Social organization is the mother of cultural mores. Social and cultural development antedate the foundation of political institutions. The acclivity of human progress tends towards rational order. Laws emerge at the upper levels of the graph
This court finds that, understood from this perspective, Penal Law § 245.01 rests upon a rational basis, and reflects the current moral standards of New York, and creates a constitutionally valid classification between male and female nudity.
ORDER
The defendants shall appear, in person, at 9:30 a.m. before this court on Wednesday, December 13, 1989, for sentencing.
. See Penal Law § 245.01 which reads as follows:
"A person is guilty of exposure if he appears in a public place in such a manner that the private or intimate parts of his body are unclothed or exposed.
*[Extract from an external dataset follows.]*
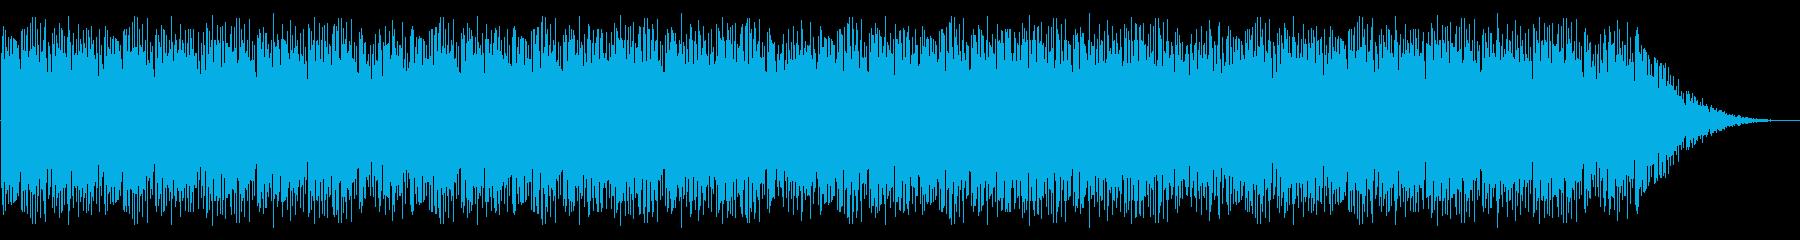 NES STG C05-1(ボス) の再生済みの波形

For purposes of this section, the private or intimate parts of a female person shall include that portion of the breast which is below the top of the areola. This section shall not apply to the breastfeeding of infants or to any person entertaining or performing in a play, exhibition, show or entertainment.
"Exposure of a person is a violation.
"Nothing in this section shall prevent the adoption by a city, town or village of a local law prohibiting exposure of a person as herein defined in a public place, at any time, whether or not such person is entertaining or performing in a play, exhibition, show or entertainment.”
This law applies only to public nudity. Nudity in circumstances where there is a reasonable expectation of privacy is not within the scope of the statute.
. See, Laws of 1967 (ch 367).
. See, Legislative Report, NY State Bar Assn., Report No. 170, Apr. 18, 1967, from Bill Jacket No. S. 1226-B.
. See, Laws of 1983 (ch 216).
. See, Laws of 1984 (ch 633).
. Message of Governor, June 2,1983, upon approving the bill. (See, 1983 McKinney’s Session Laws of NY, at 2756.)
. See, Webster’s Encyclopedic Dictionary 220 (1971 ed).
. In People v Price (33 NY2d 831 [1973]) the Court of Appeals recognized the legitimacy of legislation regulating the manner of dress whenever it created circumstances risking public disorder.
. The court acknowledges here that, notwithstanding the disclaimers in the opinion of the Court of Appeals in the Hollman case (68 NY2d 202), the purpose of the indecent exposure law is not only to provide general public access to recreational areas, but it is also to set a standard of morally decent behavior. It is because public nudity is not morally decent and acceptable that families stayed away from Jacob Riis Beach. Reestablishment of the moral standards on public nudity, in effect, returned the beach to the general public, and specifically, to family use. Therefore, there is no question that the indecent exposure laws enact moral judgments which serve to benefit the common good. Law and morality are not so separate when the public order must be served. Moreover, it is clear that under the New York Constitution, an advocate of public nudism cannot be a law unto himself.